Wanderlust (stylized as WANDERlust) is the debut solo album by Bush frontman Gavin Rossdale. It is his first studio album since Institute's Distort Yourself in 2005. Rossdale's initial working title for the record was This Place is on Fire, now the moniker for the release's a cappella coda piece. The lead single, "Love Remains the Same," was released digitally on April 1, 2008.

The album was produced by Bob Rock and finds Rossdale collaborating with drummer Josh Freese, former Helmet member and Bush tour guitarist Chris Traynor, bass player Paul Bushnell and Jamie Muhoberac on keyboards, as well as David A. Stewart of Eurythmics fame, Linda Perry, Joel Shearer, Katy Perry and Garbage singer Shirley Manson.

The song "Can't Stop the World" was originally written and recorded for the short-lived TV series Drive. The song is also known by the alternate title "Some Days," but the finalized Wanderlust artwork has it listed as "Can't Stop the World."

Critical reception

Wanderlust received generally mixed reviews from music critics. At Metacritic, which assigns a normalized rating out of 100 to reviews from mainstream critics, the album received an average score of 48, based on 7 reviews.

Mikael Wood, writing for the Los Angeles Times, found nothing groundbreaking in the album's musicianship but gave note of Rossdale's writing giving off "a whiff of universality" along with "an appealing guilelessness" saying that "Iffy lyrics aside, Wanderlust finds Rossdale circling back to the heavy pop he does best." Brian Orloff from Entertainment Weekly called the record "at its best, a bright collection of Daughtry-esque rock boasting anthems" but that it falters when delving into "saccharine sentiments."

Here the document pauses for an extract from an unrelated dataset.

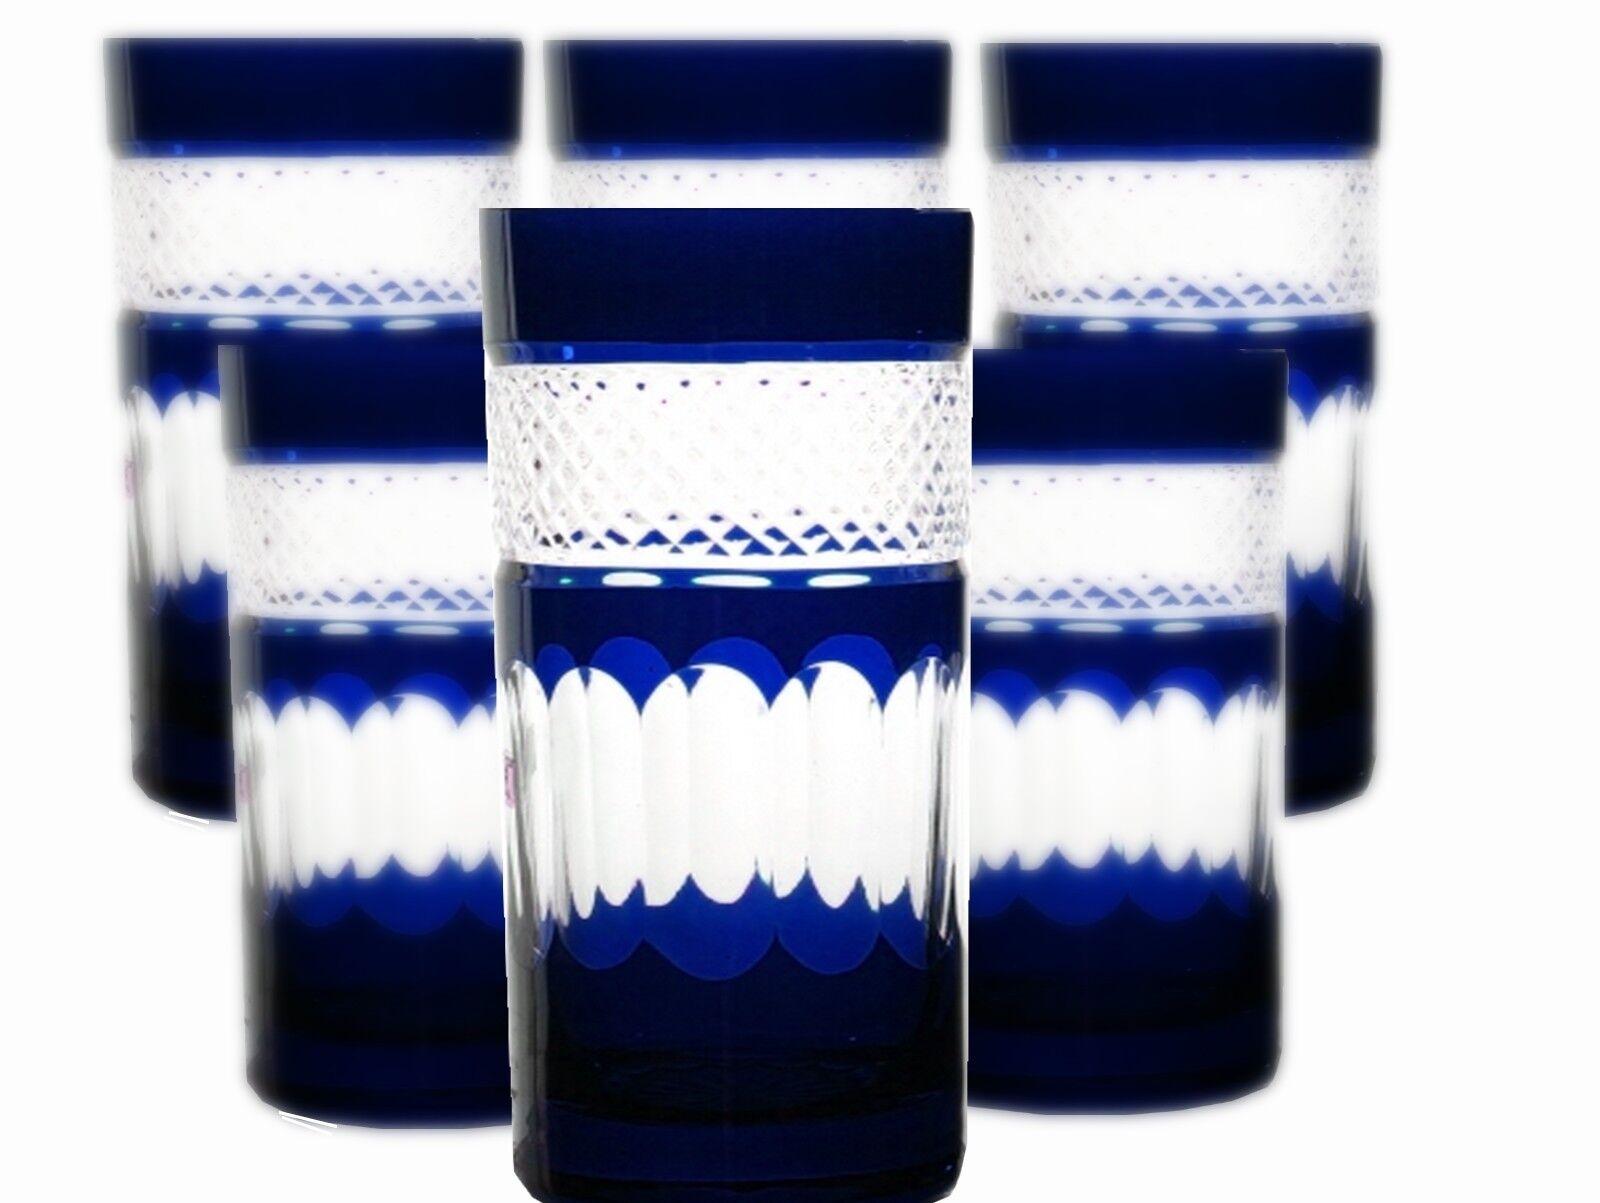 Longdrink verres bleikristall Romains 6 St. (283 obgb) Bleu bleikristall potable Verres

AllMusic senior editor Stephen Thomas Erlewine said that Rossdale's charismatic vocals work well in the album's field of MOR-style rock but concluded that "this is still deliberately tepid music, more concerned about appearances than hooks or drama." Rolling Stones Jody Rosen felt that Rossdale was ill-suited on the power ballads and worked best in grunge where he delivered lyrically thought-provoking material but said that it was "a goal that exceeds his gifts as a songwriter."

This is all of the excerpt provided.